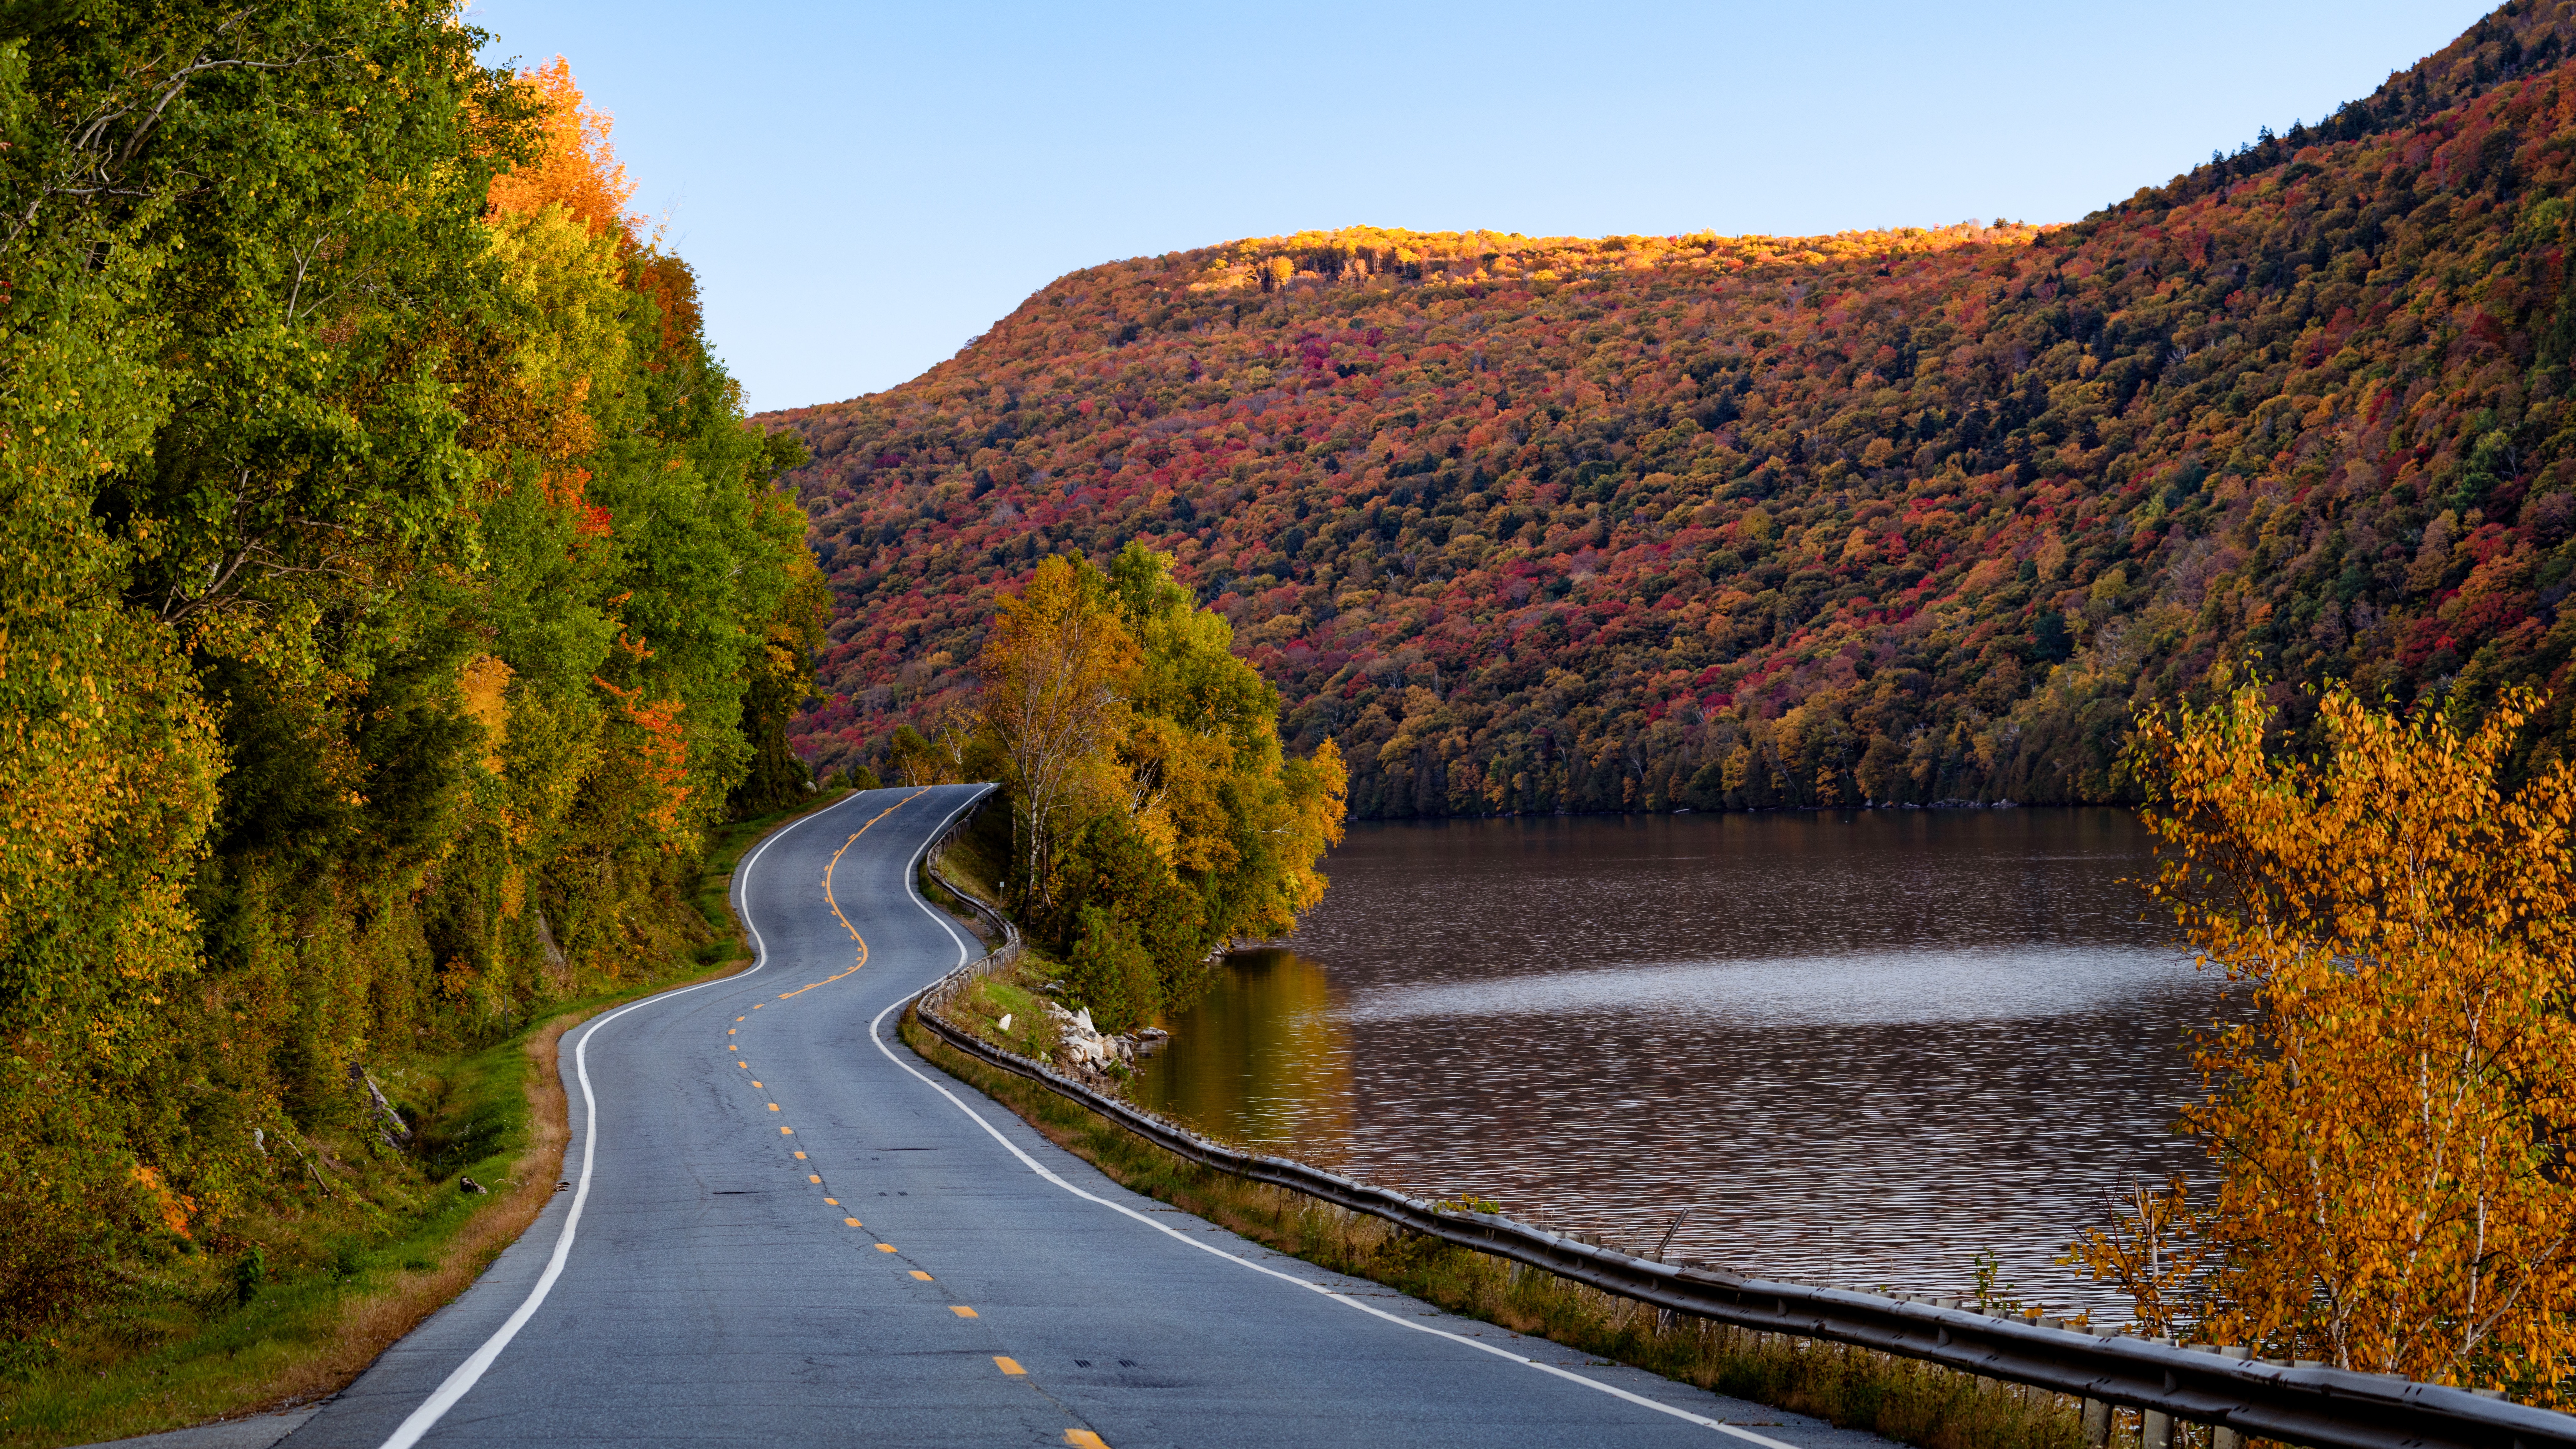 An Ultimate Guide To Taking a New England Fall Road Trip - Travel Noire
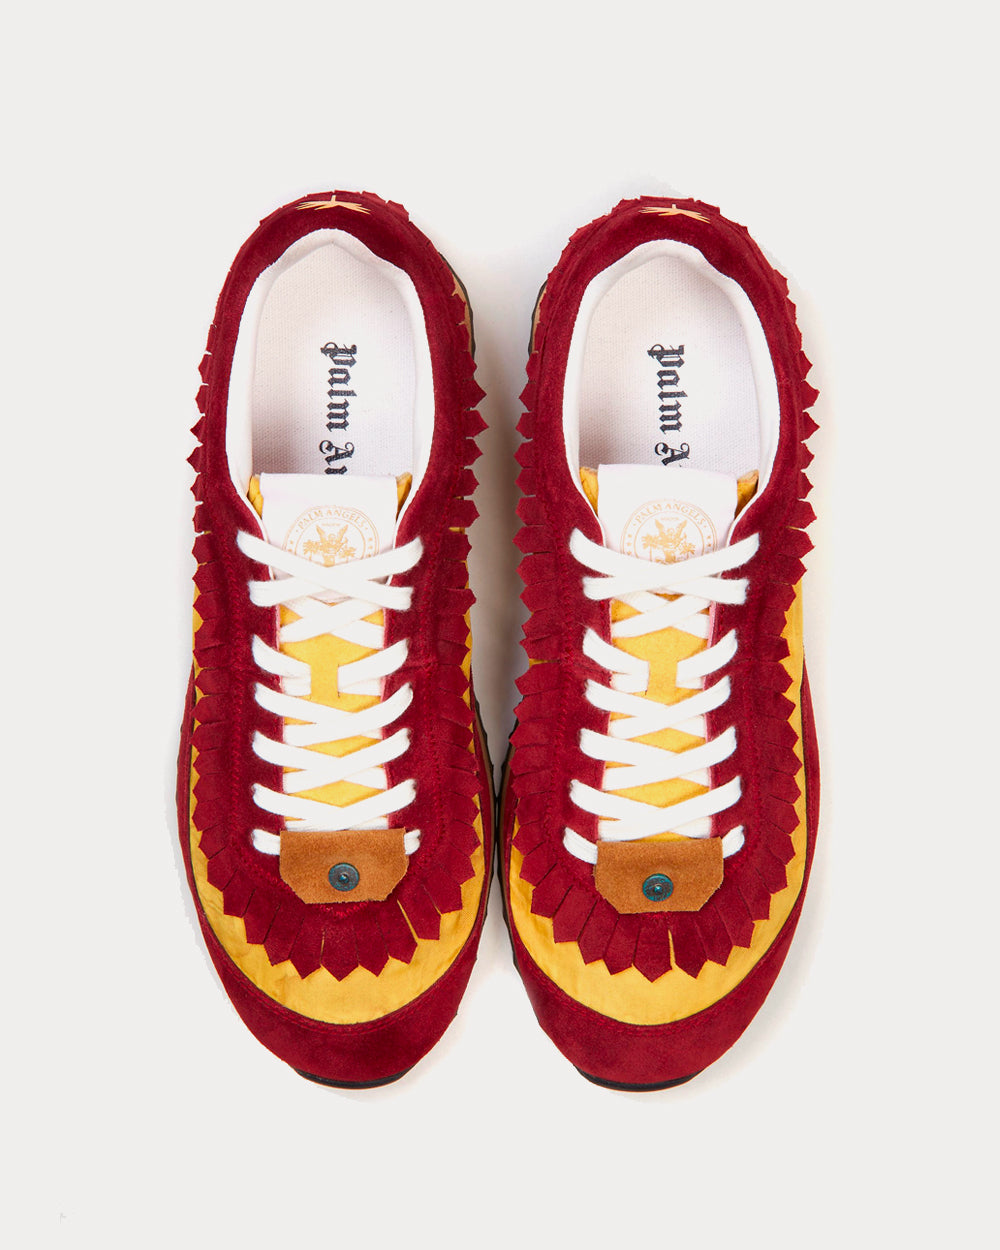 Palm Angels - Fringe Runner Burgundy / Yellow Low Top Sneakers
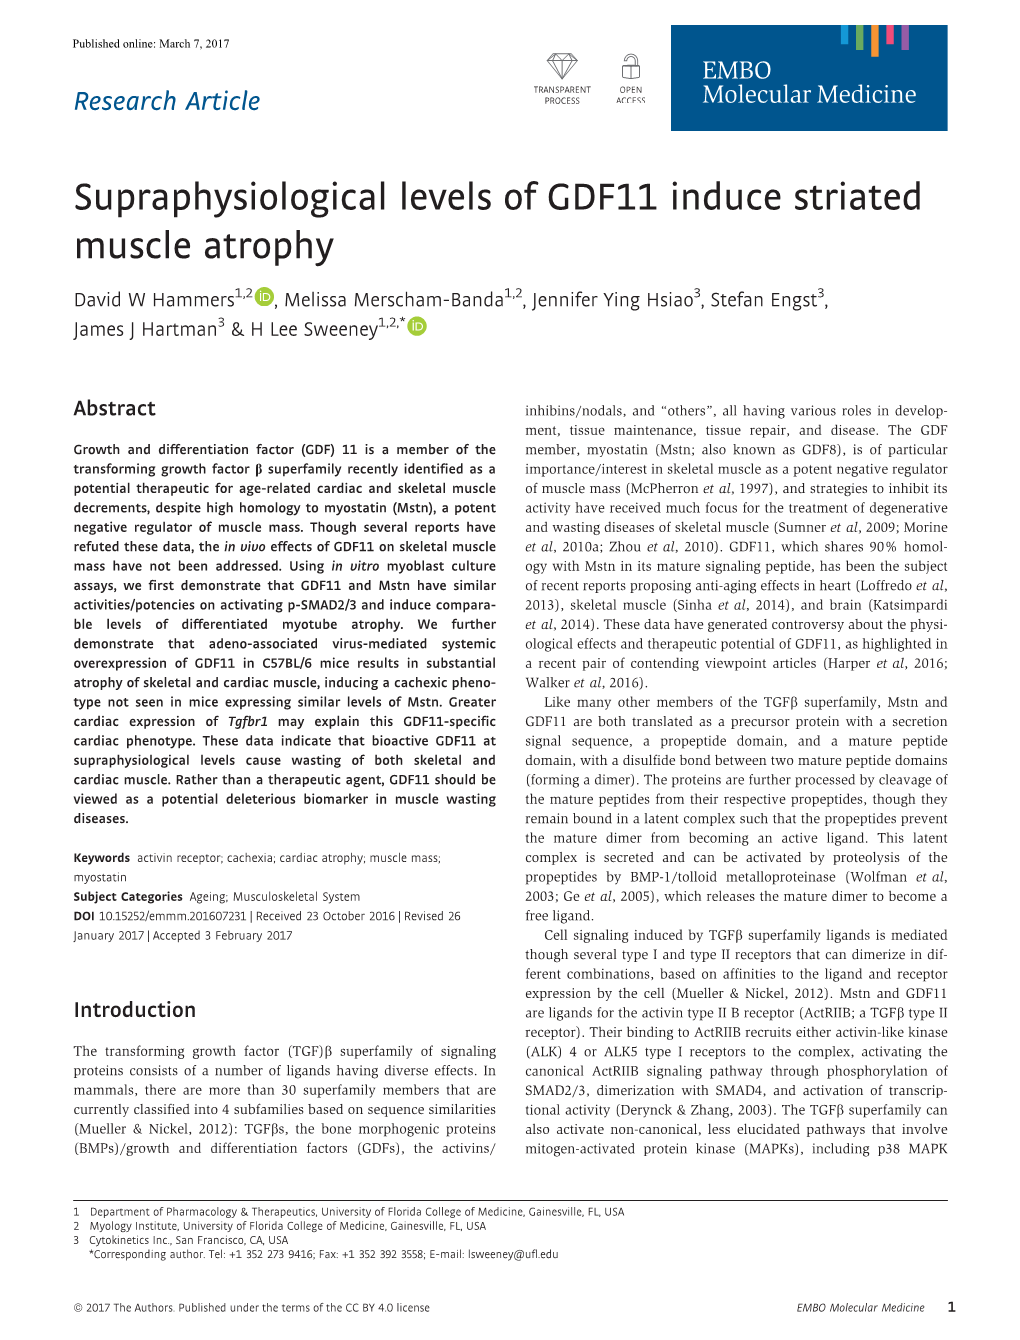 Supraphysiological Levels of GDF11 Induce Striated Muscle Atrophy

------------------------------

__WHAT YOU ARE ASKED TO DO__: Take the whole listing above and copy it exactly. Pictures do not go into the copy.

__ANSWER TO THIS EXERCISE__:
 An Ultimate Guide To Taking a New England Fall Road Trip - Travel Noire
 Palm Angels - Fringe Runner Burgundy / Yellow Low Top Sneakers
 Supraphysiological Levels of GDF11 Induce Striated Muscle Atrophy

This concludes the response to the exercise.